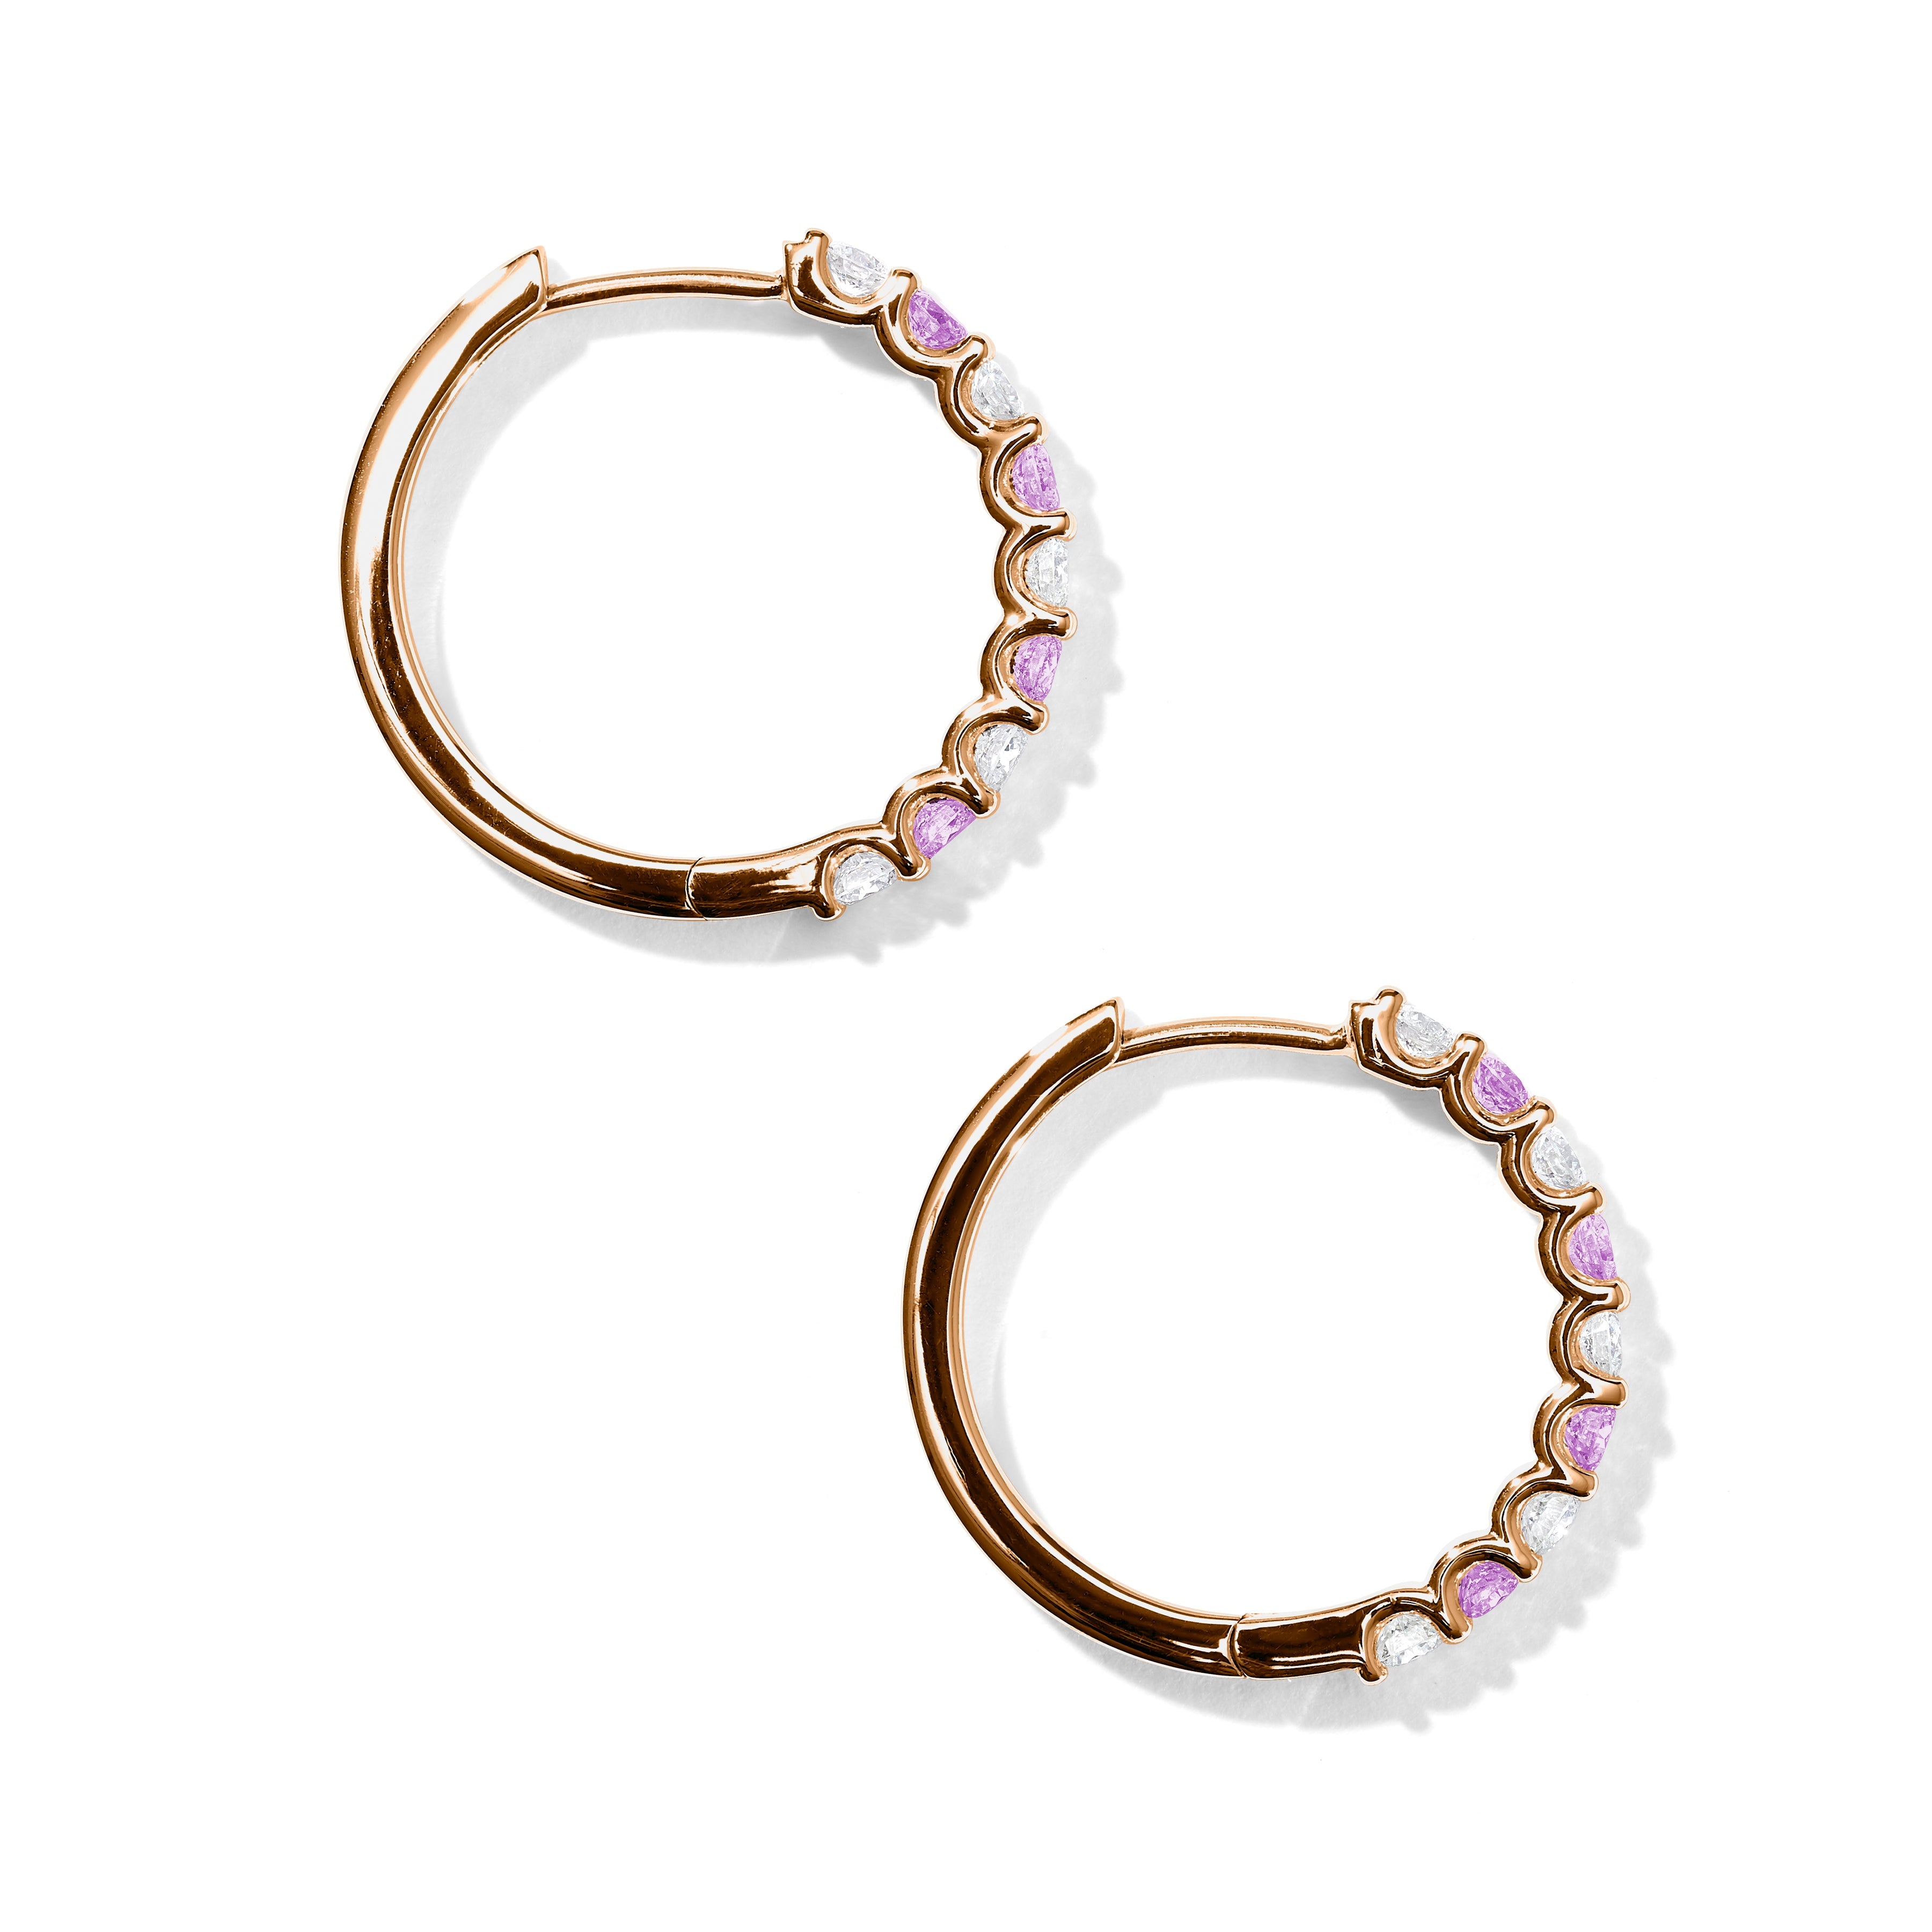 TRY BEFORE YOU BUY - Bellezza Due Colori Hoops
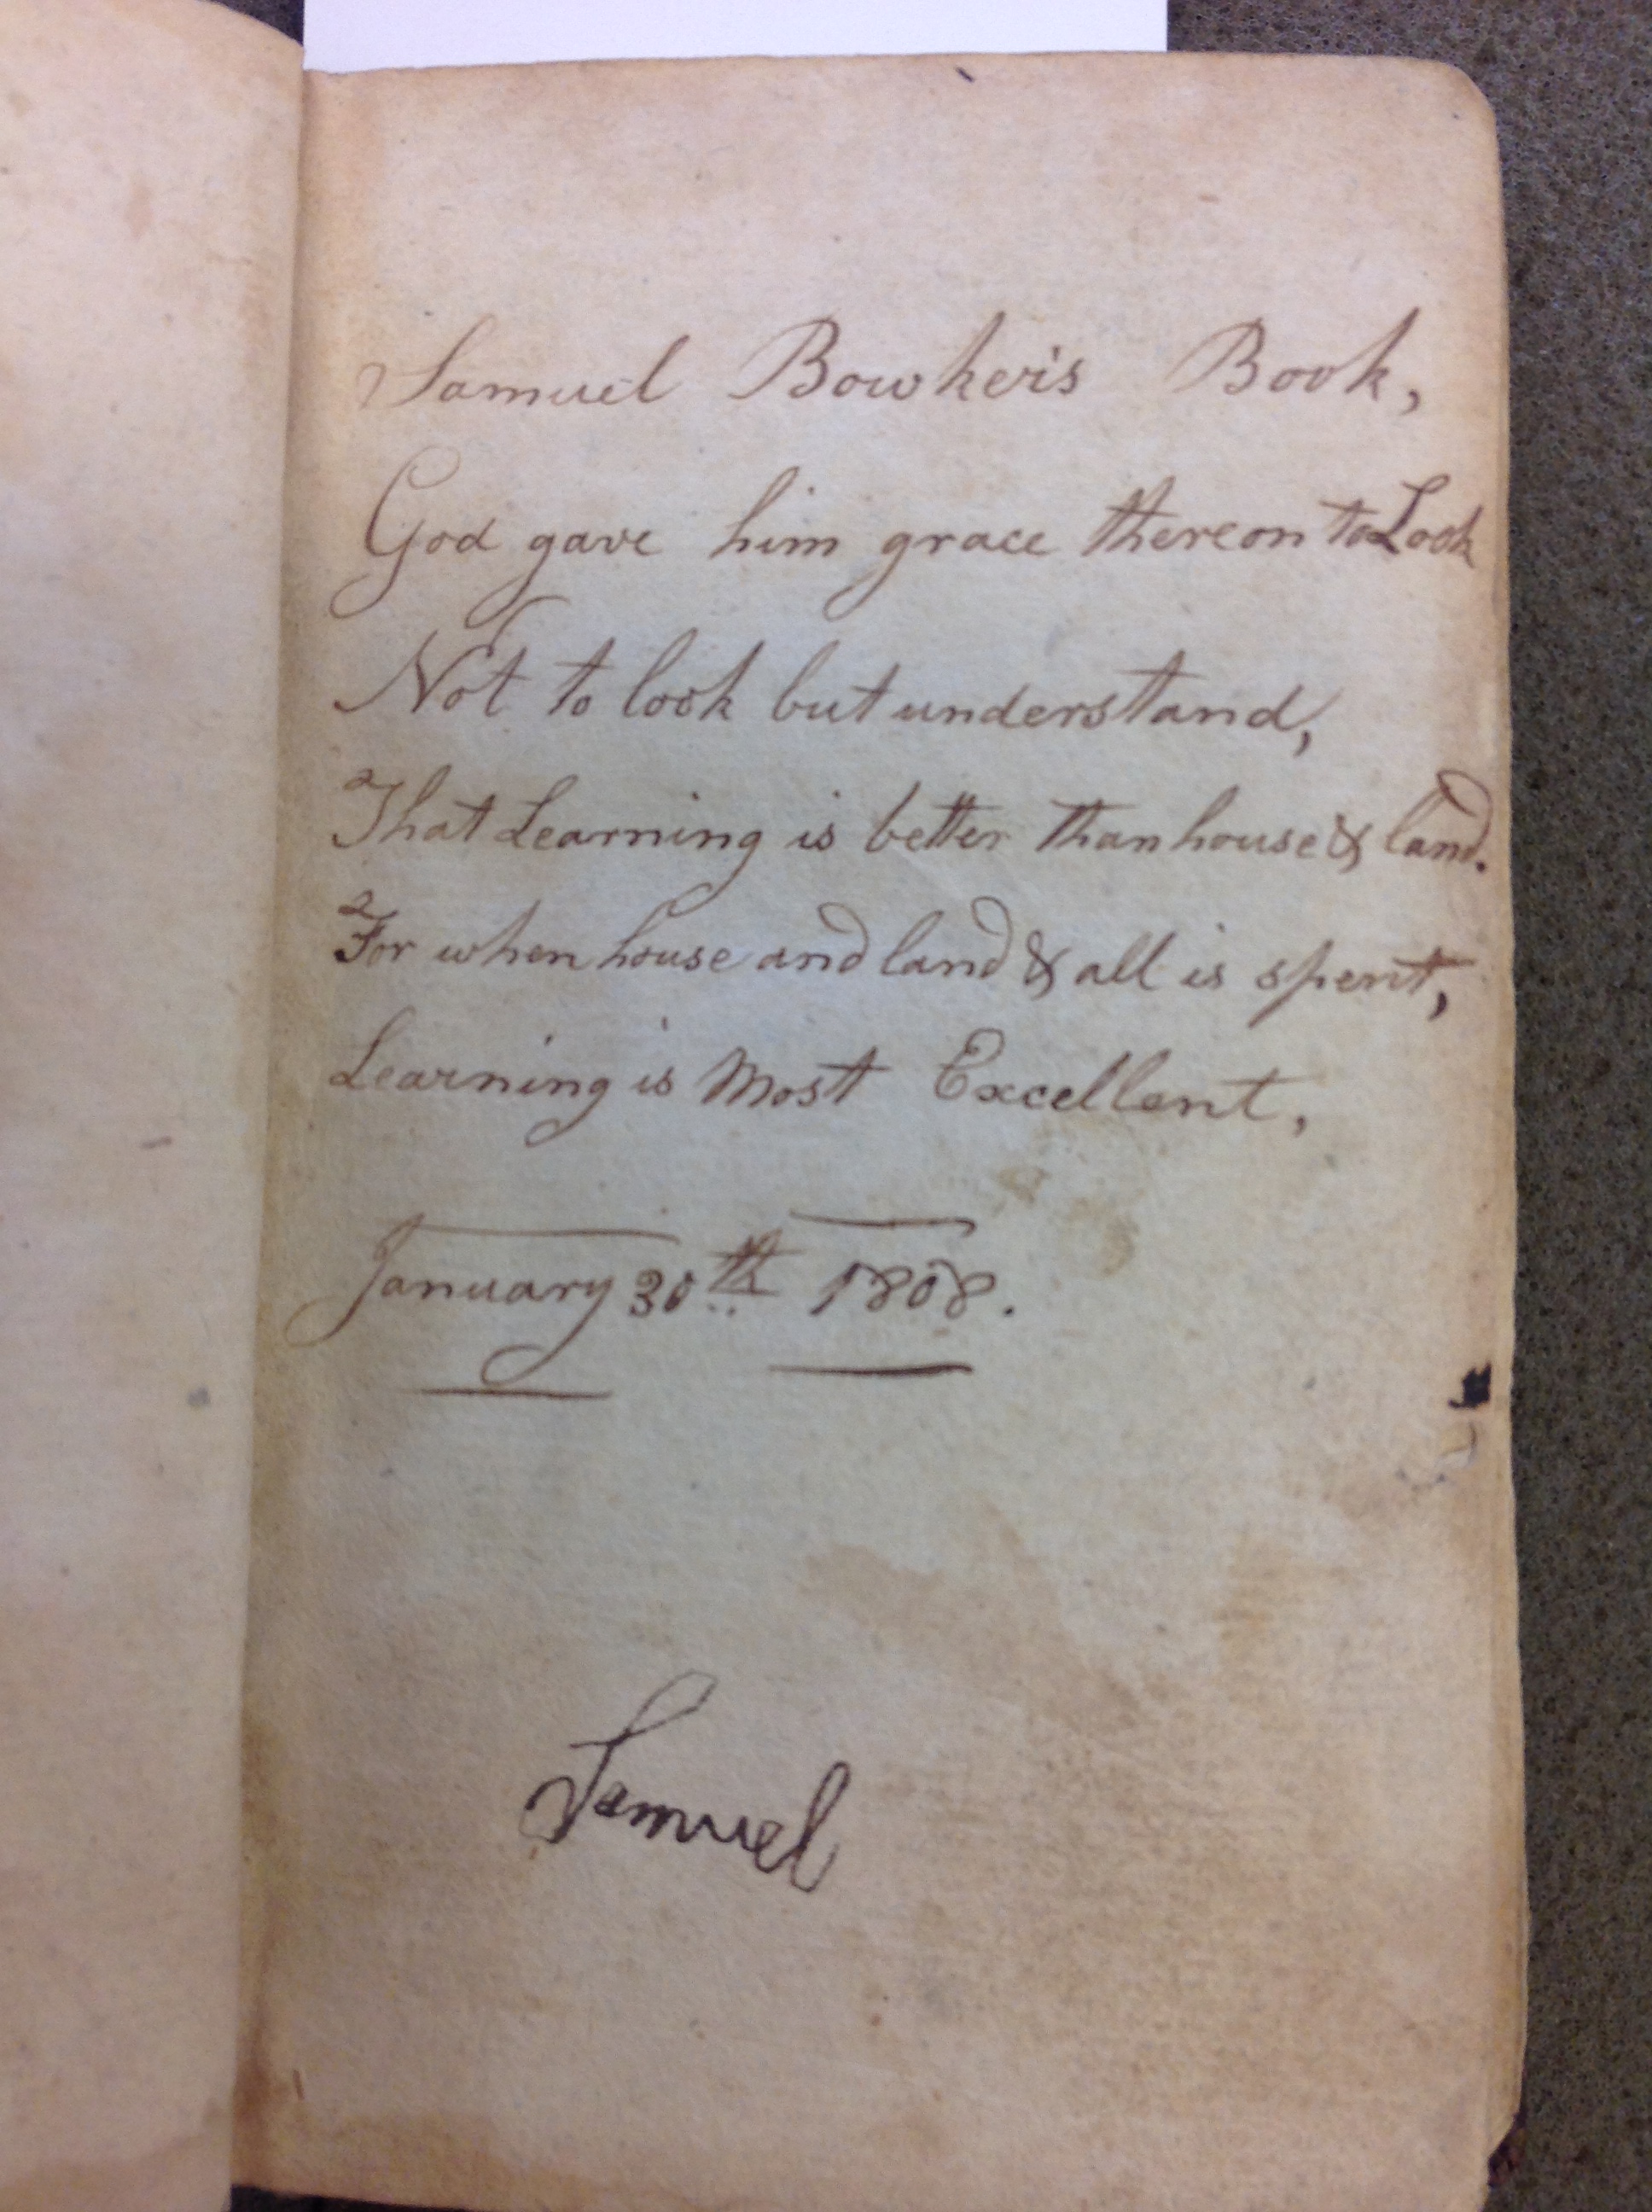 Flyleaf rhyme: "Samuel Bowker's book, God gave him grace therein to look. Not to look but understand, that learning is better than house & land. For when house and land and all is spent, learning is most excellent. January 30th 1808."
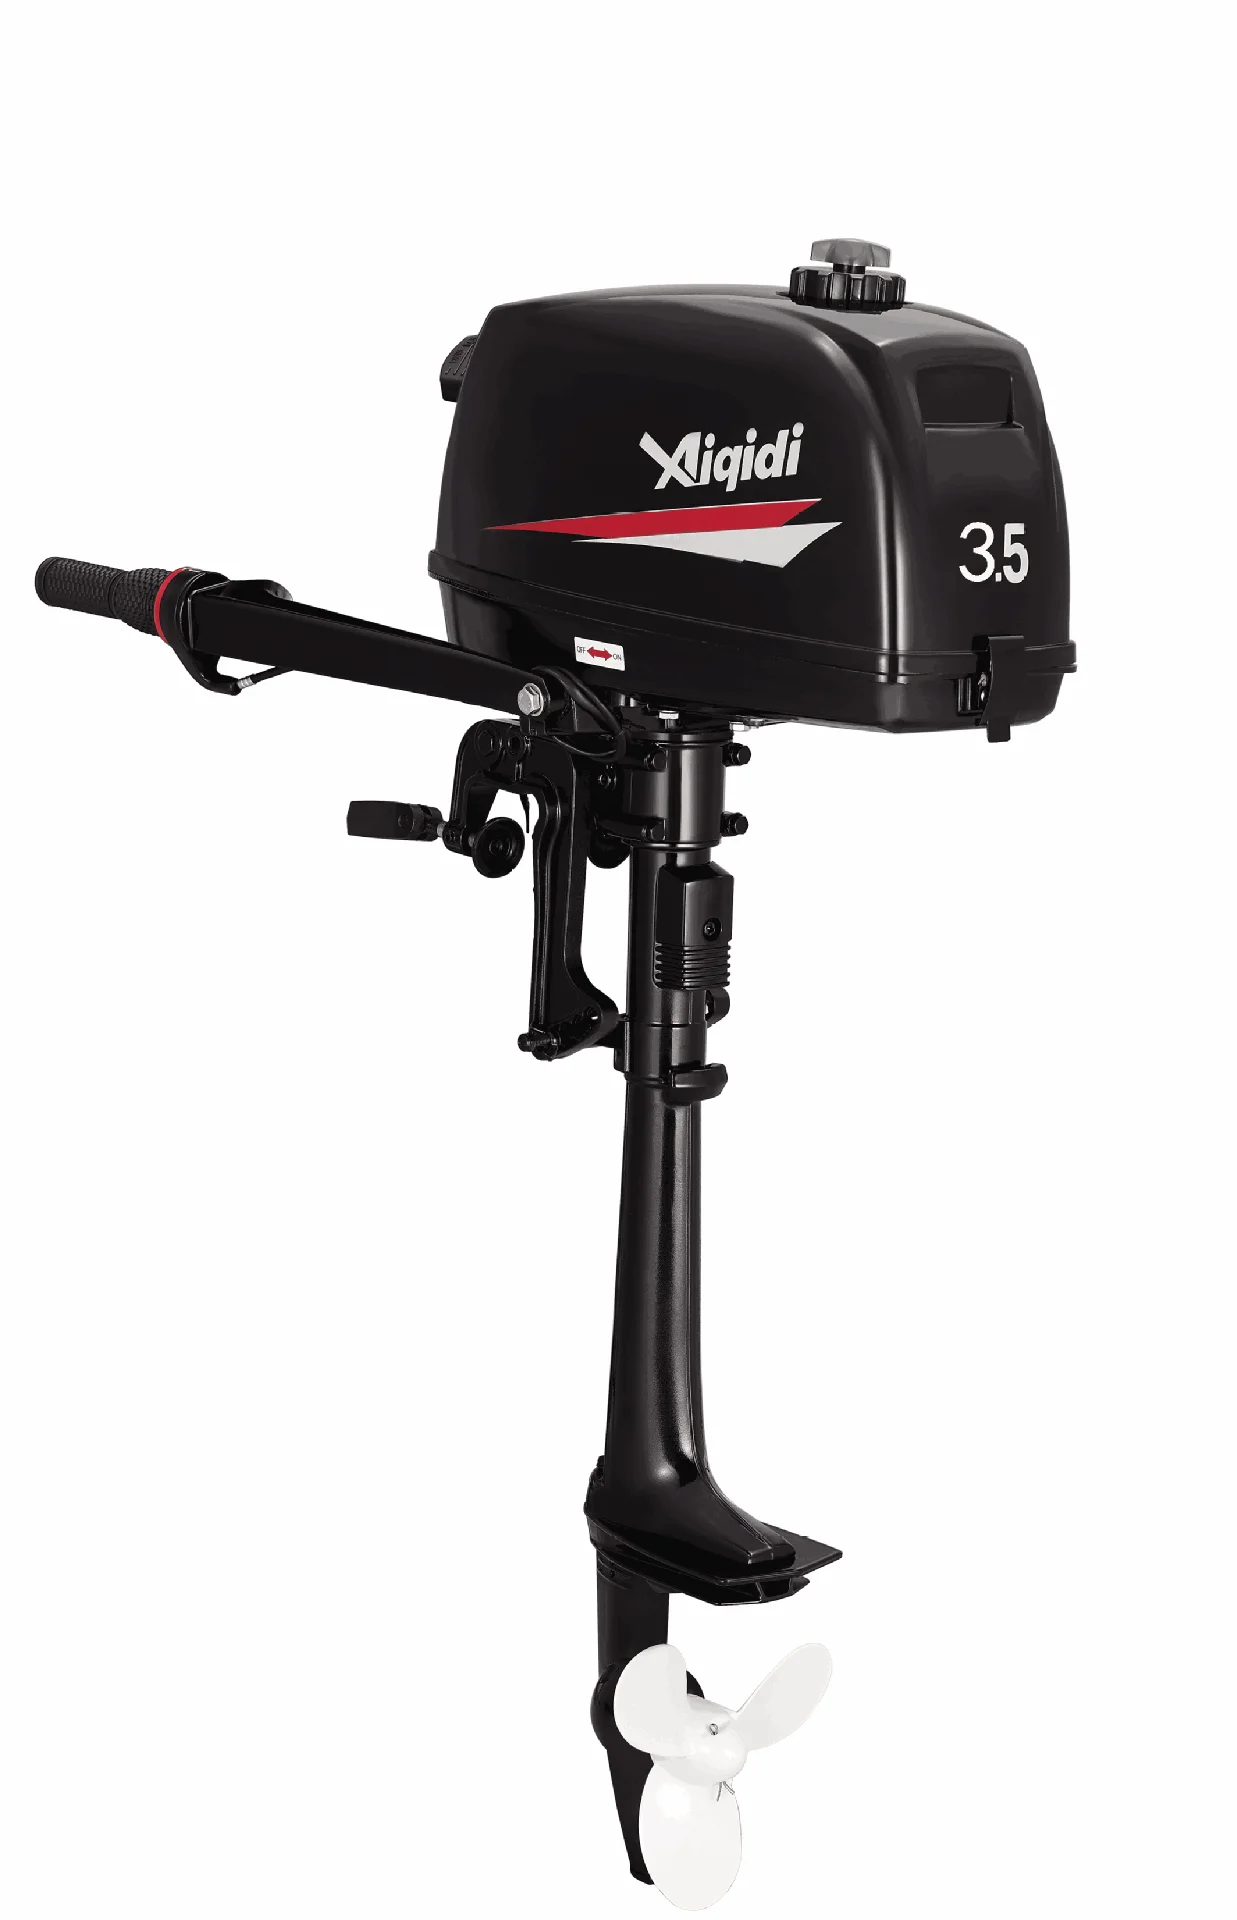 

New Arrive Aiqidi 2 Stroke 3.5 HP Water Cooled Gasoline Outboard Motor/ Outboard Motors/Rubber Boat Power Marine Engine
________________________
▸ What the task requires
Nothing but the lines from the first line of the data through the line with "Bowker's book, God" belongs in the answer, copied exactly and without pictures.

▸ Result of the task
 TRY BEFORE YOU BUY - Bellezza Due Colori Hoops
 Flyleaf rhyme: "Samuel Bowker's book, God gave him grace therein to look. Not to look but understand, that learning is better than house & land. For when house and land and all is spent, learning is most excellent. January 30th 1808."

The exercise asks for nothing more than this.